No Member of the Board of this Alliance shall be personally liable for monetary damages for any action taken or for any failure to take any action in accordance with the provisions of 42 P.A.C.S. Section 8364 relating to personal liability of the Member of the Board [Cf. Act 145-1986, Pennsylvania General Assembly, November 28, 1986]. The Alliance will indemnify and hold harmless any Member of the Board for monetary damages including attorney fees.

The Members of the Board may authorize any Member of the Board of the Alliance, in addition to officers so authorized by these Bylaws, to enter into any contract or execute and deliver any instrument in the name of, and on behalf of, this Alliance. Such authorization may be general or confined to specific instances.

Officers shall sign all checks, drafts, and other orders for payment of funds. All documents shall require two (2) such signatures. No expenditure over $50.00 will be paid without prior approval of the Members of the Board.

This Alliance shall keep correct and complete books and records of account and shall also keep minutes of the proceedings of all meetings of its members, Members of the Board, and committees authorized by its Board Members.

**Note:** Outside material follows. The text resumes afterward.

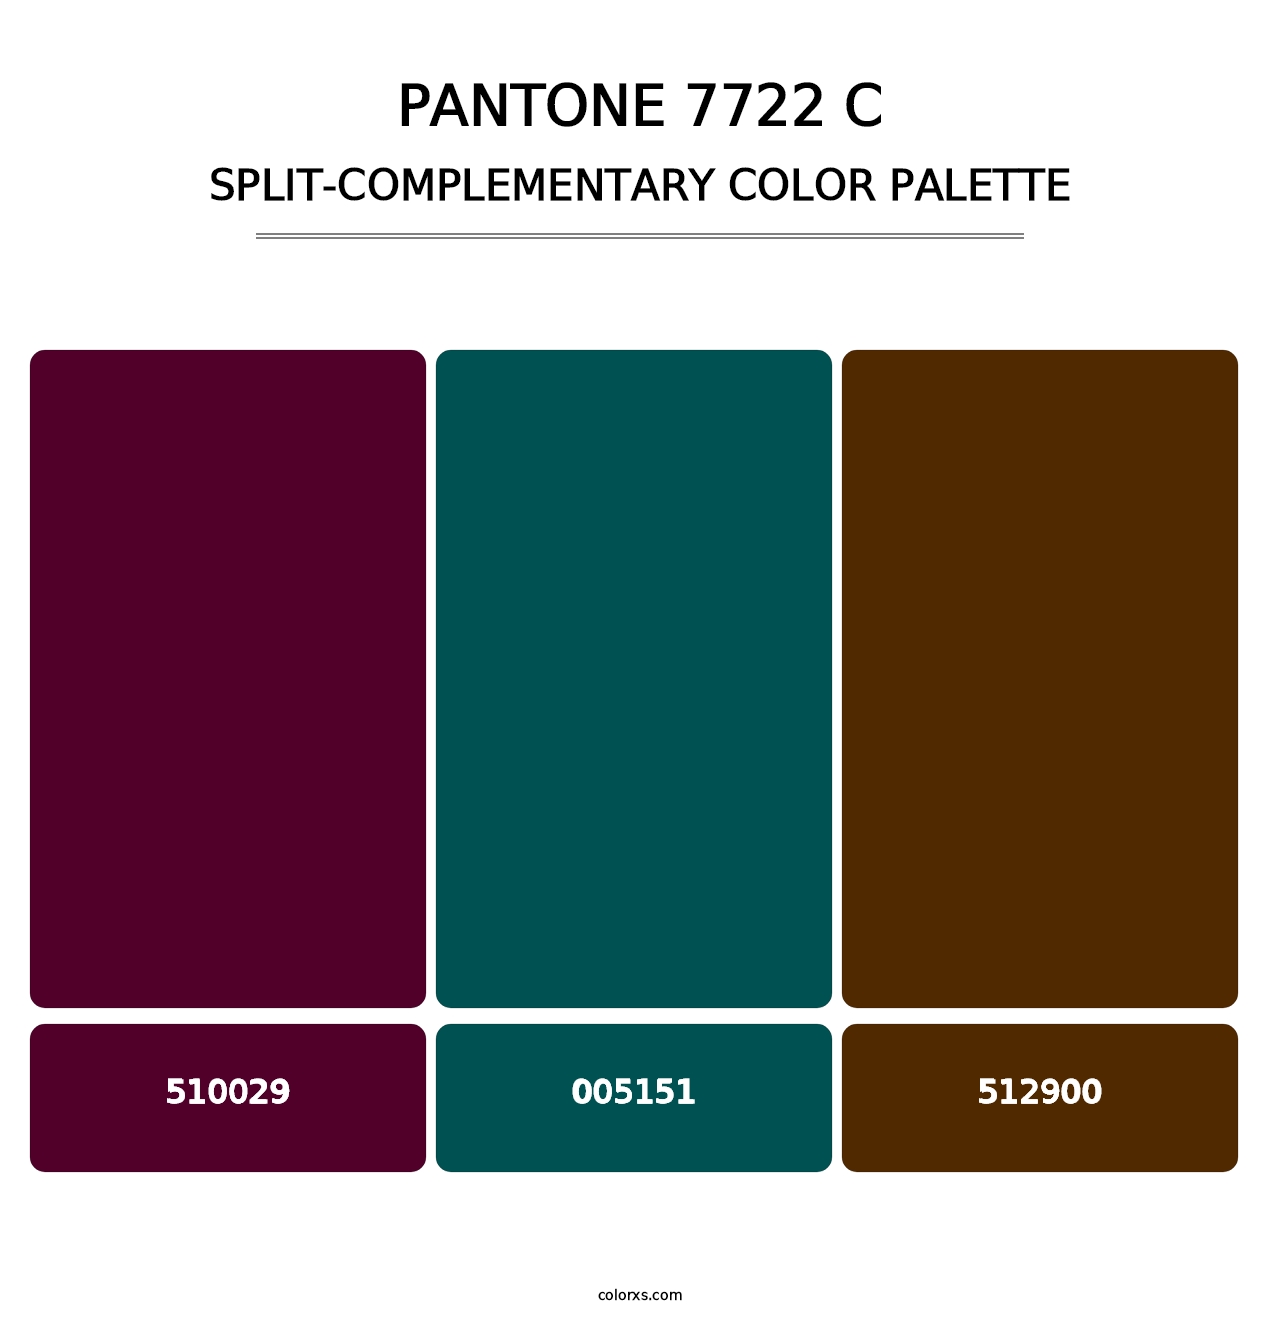 PANTONE 7722 C - Split-Complementary Color Palette

The fiscal year of the Alliance shall begin on July 1, and end the next succeeding June 30.

XIII. Dissolution

Upon the dissolution of DBSA-LV and after the payment or the provisions for payment of all liabilities of the Alliance, the Members of the Board shall dispose of all assets of the Alliance exclusively for the purpose of the Alliance or to organizations that are then qualified as tax-exempt organizations under Section 501 (c) (3) of the Internal Revenue Code. Any assets not so disposed of shall be disposed of by a donation to state or national Alliance. This is to be decided at the time of dissolution by the Members of the Board.

XIV. Adolescent Group

All adolescent facilitators must go through the designated training program decided by the Members of the Board. All adolescent facilitators are subject to a background check.